4.1.3 Frequency range and time window width

Linville et al. (2019) also used a CNN to differentiate between natural and anthropogenic events. The architecture of their CNN is close to the one used in our study (Table 1) with four convolution layers with different number of filters and one fully connected layer. Their neural network is trained with UUSS data recorded between 2012 October and 2017 July. They use spectrograms computed on 90 s traces, between 1 and 20 Hz, producing matrices of size 40 × 48 × 3.

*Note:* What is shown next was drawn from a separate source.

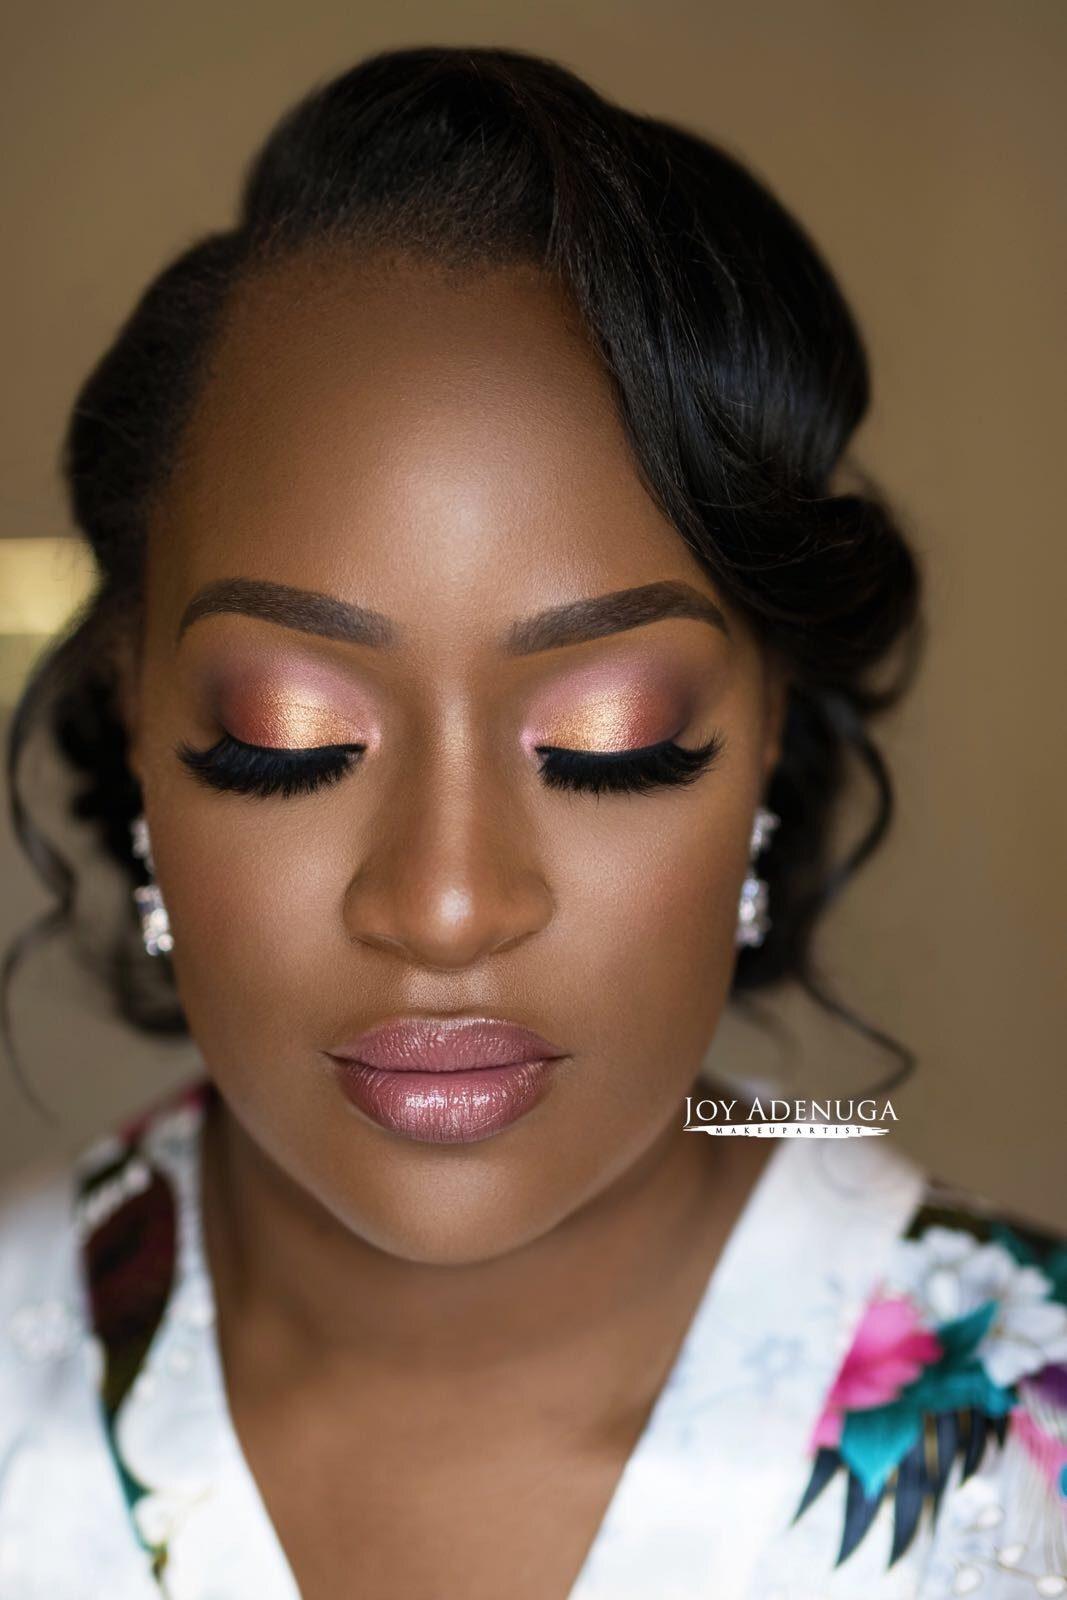 Chichi's Wedding, Joy Adenuga, Nigerian makeup artist London, Black brides, Black bride, black bridal blog london, Igbo bride, london black makeup artist, london makeup artist for black skin, black bridal makeup artist london, makeup artist for black skin, nigerian makeup artist london, makeup artist for women of colour

By training their CNN with a database of events detected in Utah, they achieve a recall of 99.1 per cent for natural events and of 99.3 per cent for anthropogenic events. These results are comparable but appear to be significantly better than those obtained with our approach. This may be due to the fact that to generate our model, we randomly select waveforms for the training, validation and test stages and not sets of traces associated with a given event. This subtlety necessarily leads to having traces of the same event in at least two of the three data sets used and then to apparently decreasing performances. When we apply our trained model to the UUSS data recorded from 2016 January to March, we obtain an accuracy of 96.72 per cent at the network level with a recall of 98.61 and 91.67 per cent for the natural and anthropogenic events, respectively. Taking into account only the events recorded by stations located at less than 100 km away, this accuracy rises to 97.95 per cent with a recall of 98.61 and 96.11 per cent for the natural and anthropogenic events, respectively. The difference in accuracy may be explained by several parameters like the size of the tested database, the training of the CNN on different geographical areas, the number of stations or the frequency range used for the classification. However, the use of spectrograms with a frequency content between 1 and 20 Hz limits the information usable by the CNN to extract features (such as vertical and horizontal stripes visible in Fig. 1), but also limits the seismic noise associated to human activities (traffic and industry).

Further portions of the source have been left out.